Provided data:
_ _ _ _ _
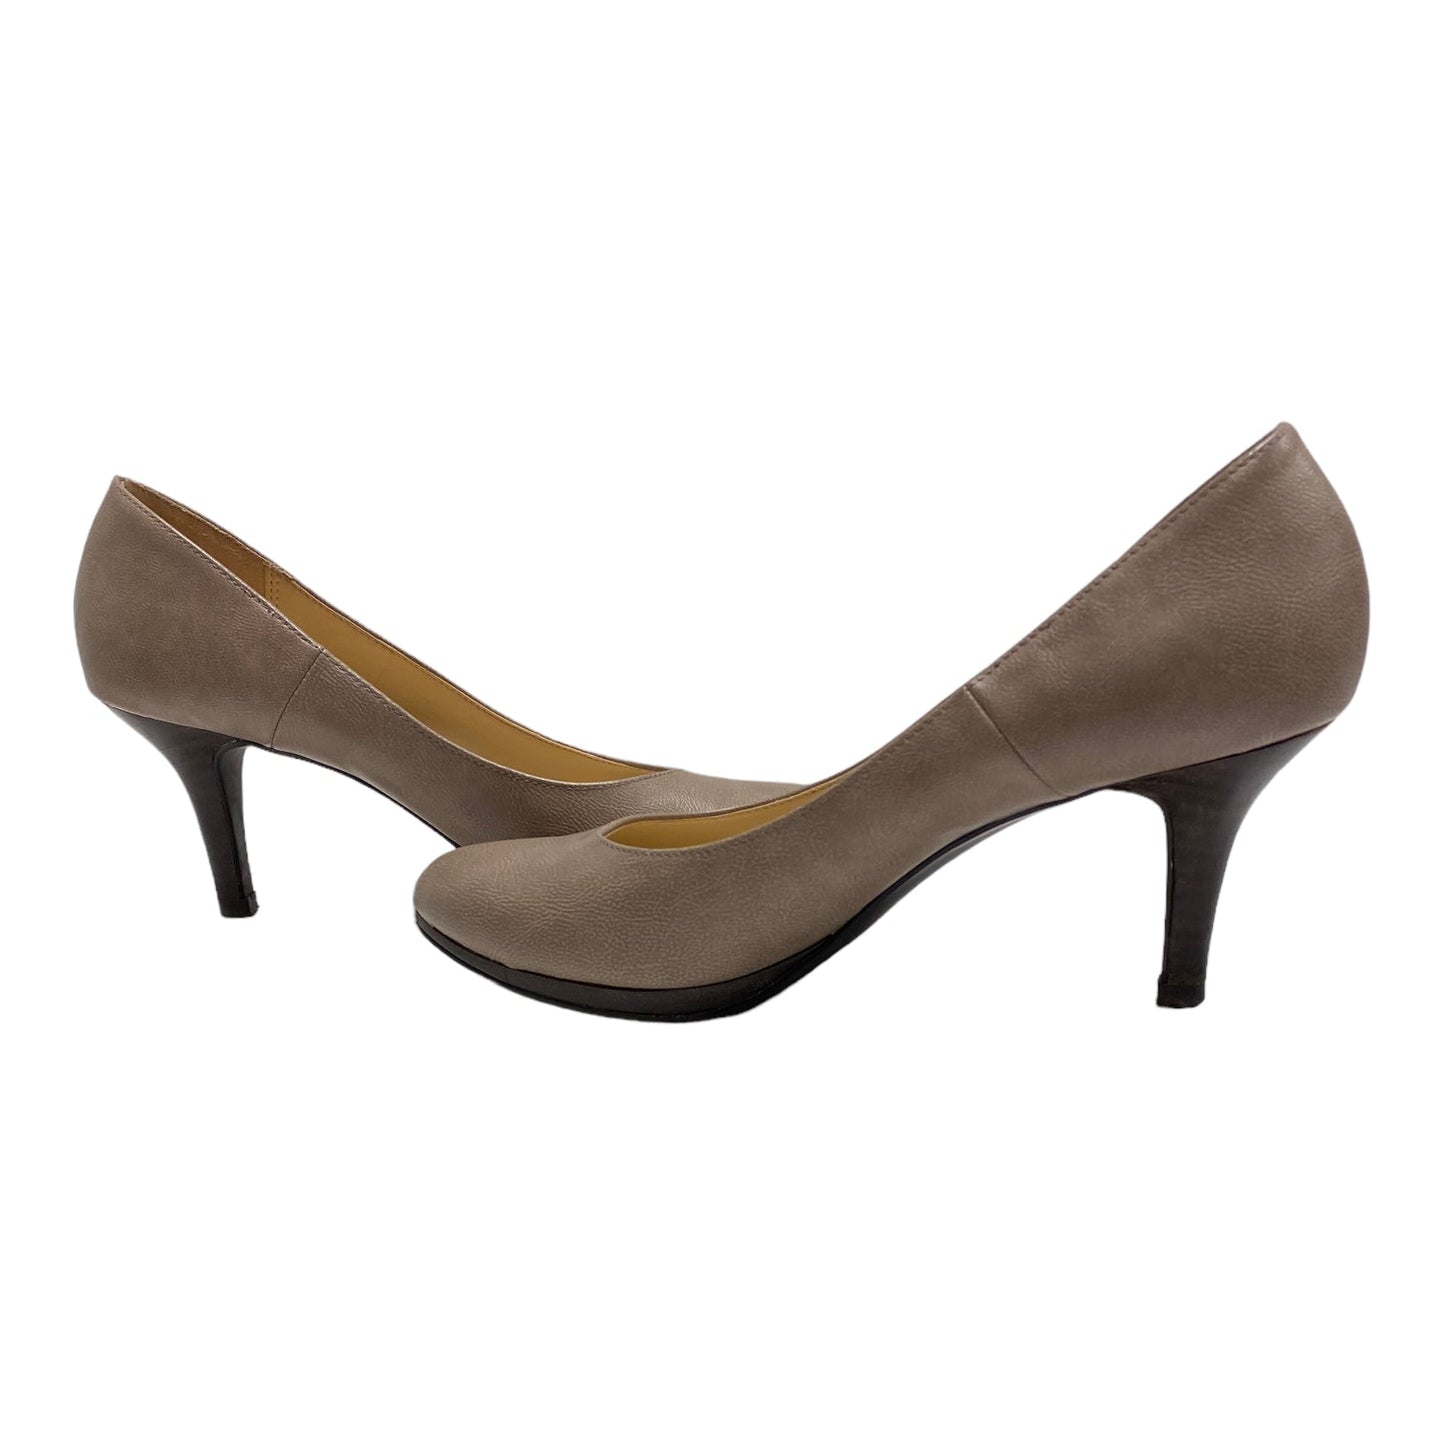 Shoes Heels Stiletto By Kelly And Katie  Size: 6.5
_ _ _ _ _
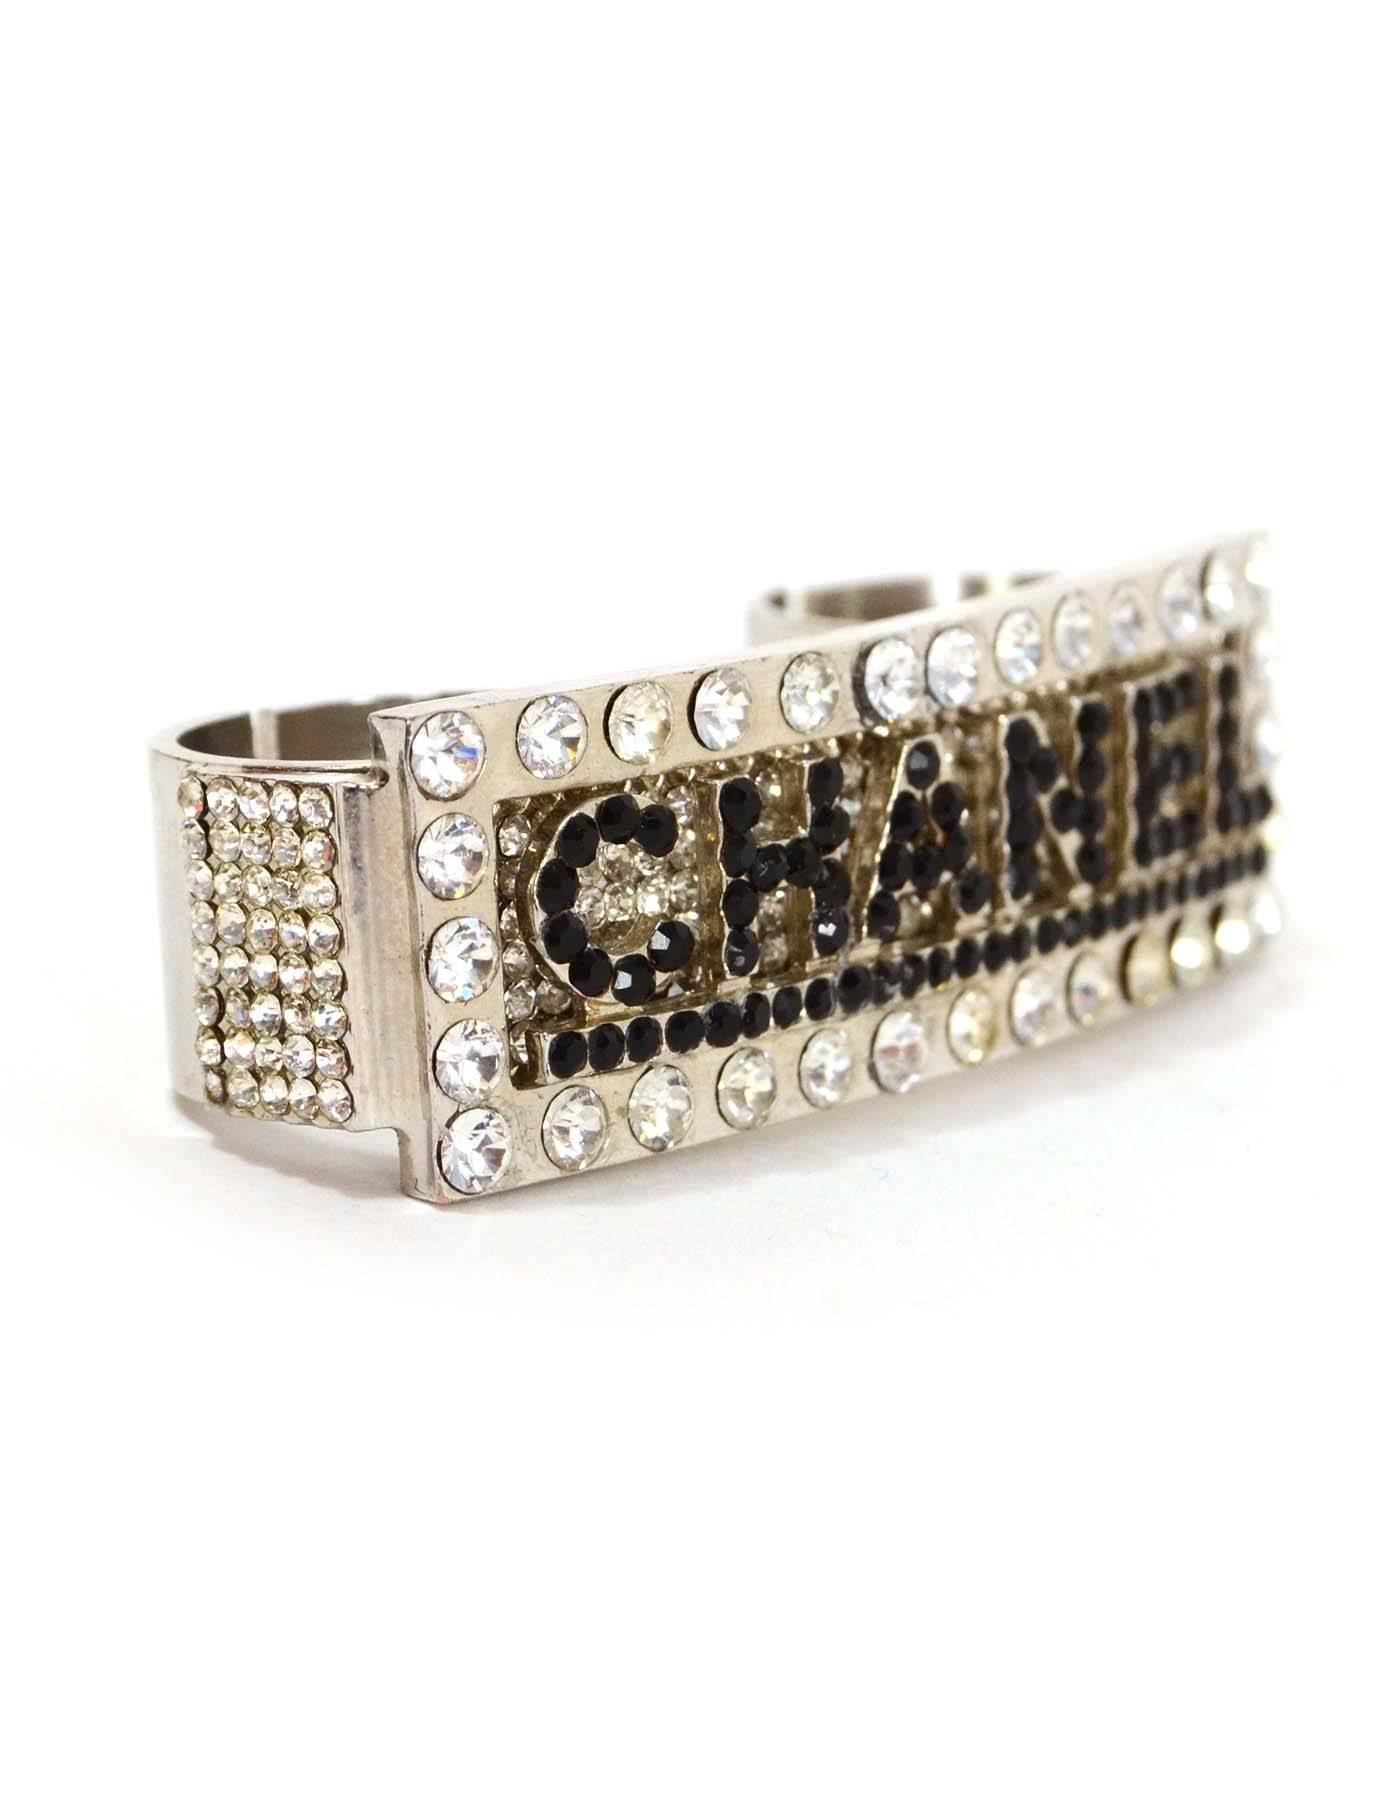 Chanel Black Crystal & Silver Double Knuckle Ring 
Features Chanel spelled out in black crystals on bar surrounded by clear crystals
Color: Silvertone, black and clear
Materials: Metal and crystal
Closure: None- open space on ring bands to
_ _ _ _ _
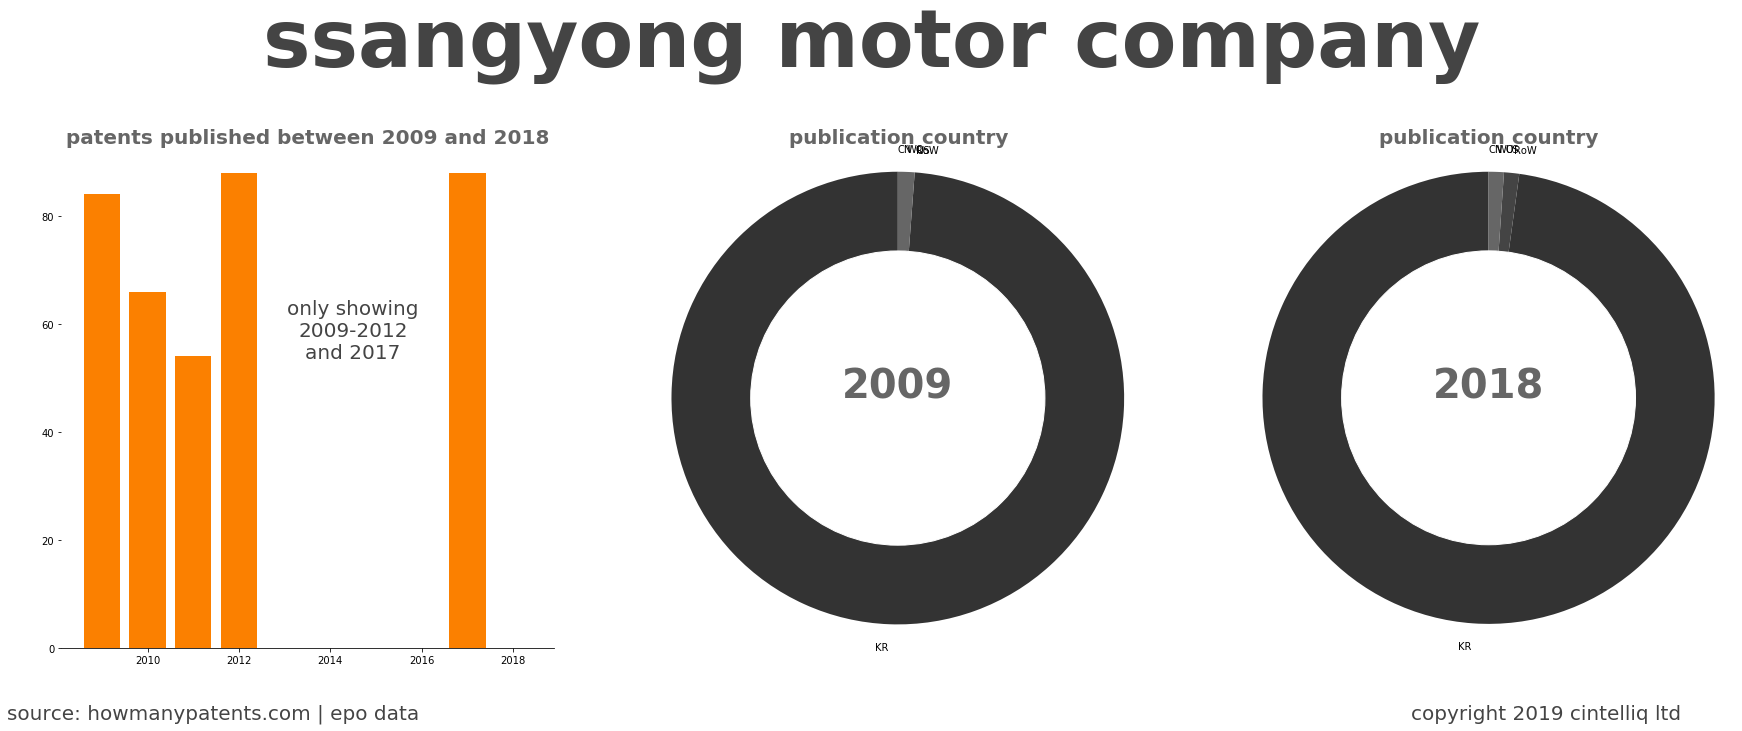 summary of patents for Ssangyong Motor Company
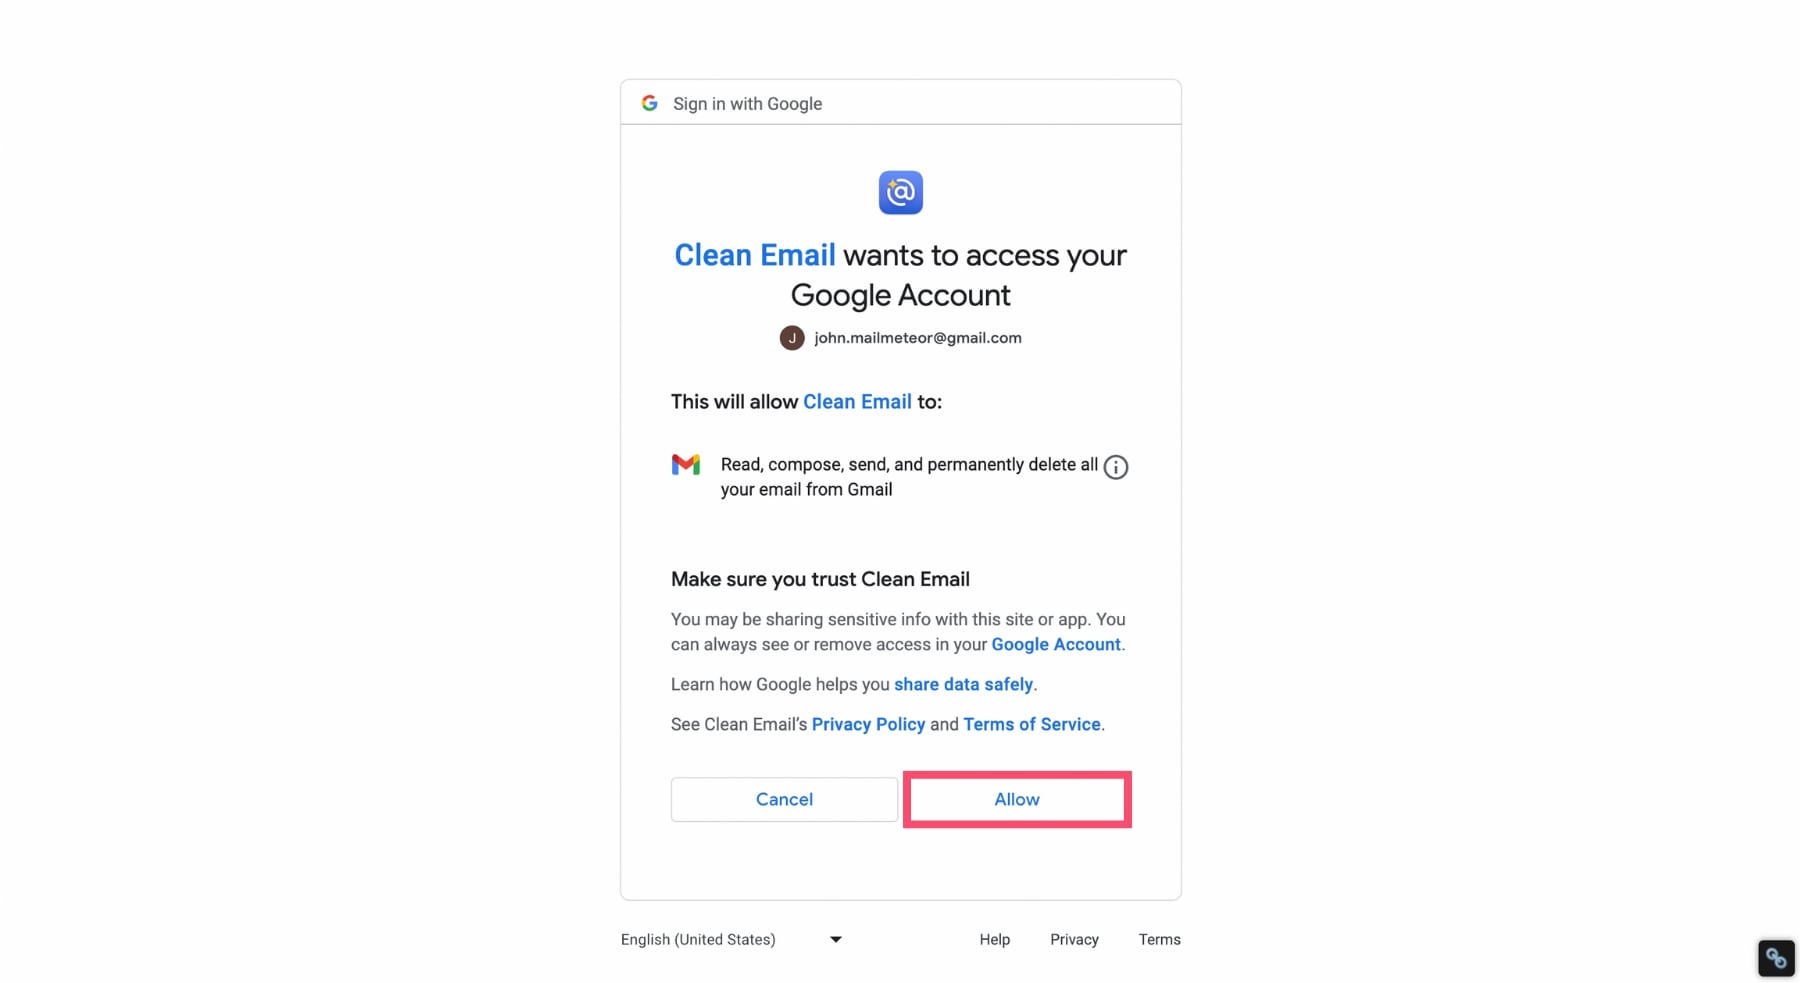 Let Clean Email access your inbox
_ _ _ _ _
Task details: Starting at the line with "Features Chanel spelled" and ending at the line with "Closure: None- open space on ring bands to", print each line of the listing above exactly, with no other lines.

Answer section:
Features Chanel spelled out in black crystals on bar surrounded by clear crystals
Color: Silvertone, black and clear
Materials: Metal and crystal
Closure: None- open space on ring bands to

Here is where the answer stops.